Kathakali is a 2016 Indian Tamil-language action mystery thriller film directed by Pandiraj. It stars Vishal, who also co-produced the film with Pandiraj, and Catherine Tresa.

Kathakali was released on 14 January 2016, where it received praise for Vishal's performance, action sequences, direction and musical score.

Plot 
After spending 6 years in the US, Amudhan returns to Cuddalore for his marriage to his long-time girlfriend Meenu Kutty, where he is forced to invite to his marriage a local gangster named Lakshmipathy aka Thamba, despite a previous history between them. Thamba was responsible for dragging Amudhan and his elder brother Gnanavel Rajarathinam to prison five years ago on a false charges after Gnanavel, who worked in Thamba's fishing business, decided to leave Thamba and start his own fishing business. Thamba was also responsible for chopping off the leg of Amudhan and Gnanavel's father Rajarathinam when he had tried to intervene in the fight between Thamba and his sons, confining him to a wheelchair. To escape from Thamba and his gang and not cause any more harm to his family, Amudhan had emigrated to the US.

While Amudhan is in Chennai doing wedding shopping with Meenu Kutty, he gets the news that Thamba had been killed the previous day. Unfortunately for Amudhan, he is soon suspected of murdering Thamba due to their enmity. Thamba's henchmen set Amudhan's house on fire, forcing Gnanavel and his family to go into hiding. Saravana Vadivel a cruel and merciless Inspector, is assigned to bring Thamba's killer to justice. Since Amudhan is the prime suspect, Vadivel orders him to present himself at Cuddalore and prove his innocence, failing which he will be considered as Thamba's murderer and will be thrown into prison. Amudhan leaves for Cuddalore at midnight, with policemen heavily guarding the bus and route in which he is travelling to prevent him from escaping. Amudhan manages to escape from the police at Puducherry and meets up with Gnanavel and his family. 

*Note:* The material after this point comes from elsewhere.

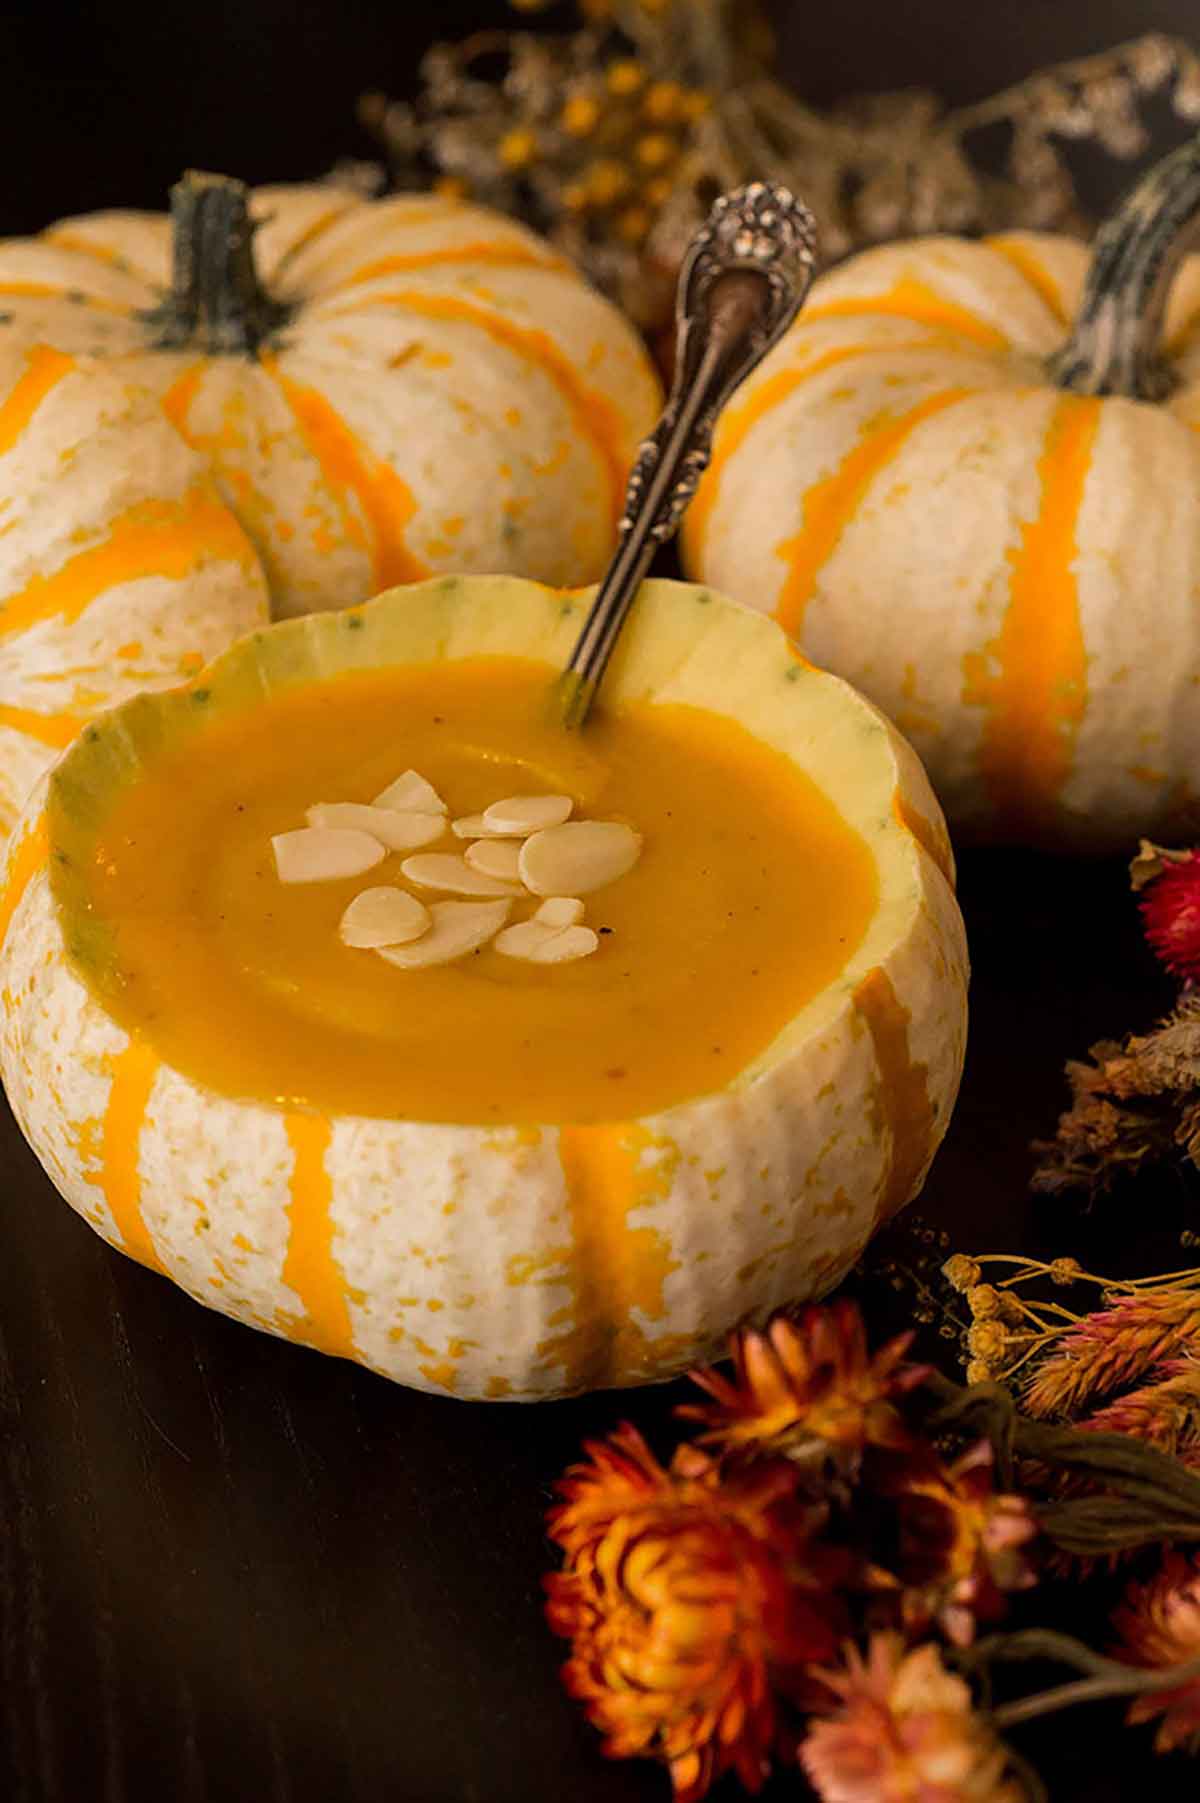 A pumpkin gourd full of soup, garnished with almonds, surrounded by dry flowers and more pumpkin gourds on a black table.

Amudhan and Gnanavel then leave for Cuddalore to meet Vadivel. They soon find out that Vadivel has no intention of hearing their story and is determined to throw them into prison where they escape from Vadivel and the police. Meenu Kutty is forced to sit in the police station by Vadivel as he hopes that Amudhan will take the blame for the murder to protect his fiancé. While on the run, Amudhan finds out that Vadivel is behind Thamba's death. He then overpowers Thamba's brothers-in-law and Vadivel, as well as his teenage son, and holds them hostage to find out the truth. Vadivel had been humiliated in front of his wife by Thamba, because of which he had decided to take revenge on Thamba by sending men to kill him and then framing his death on Amudhan, since he seemed easy to frame and also because of the history between Thamba and Amudhan. 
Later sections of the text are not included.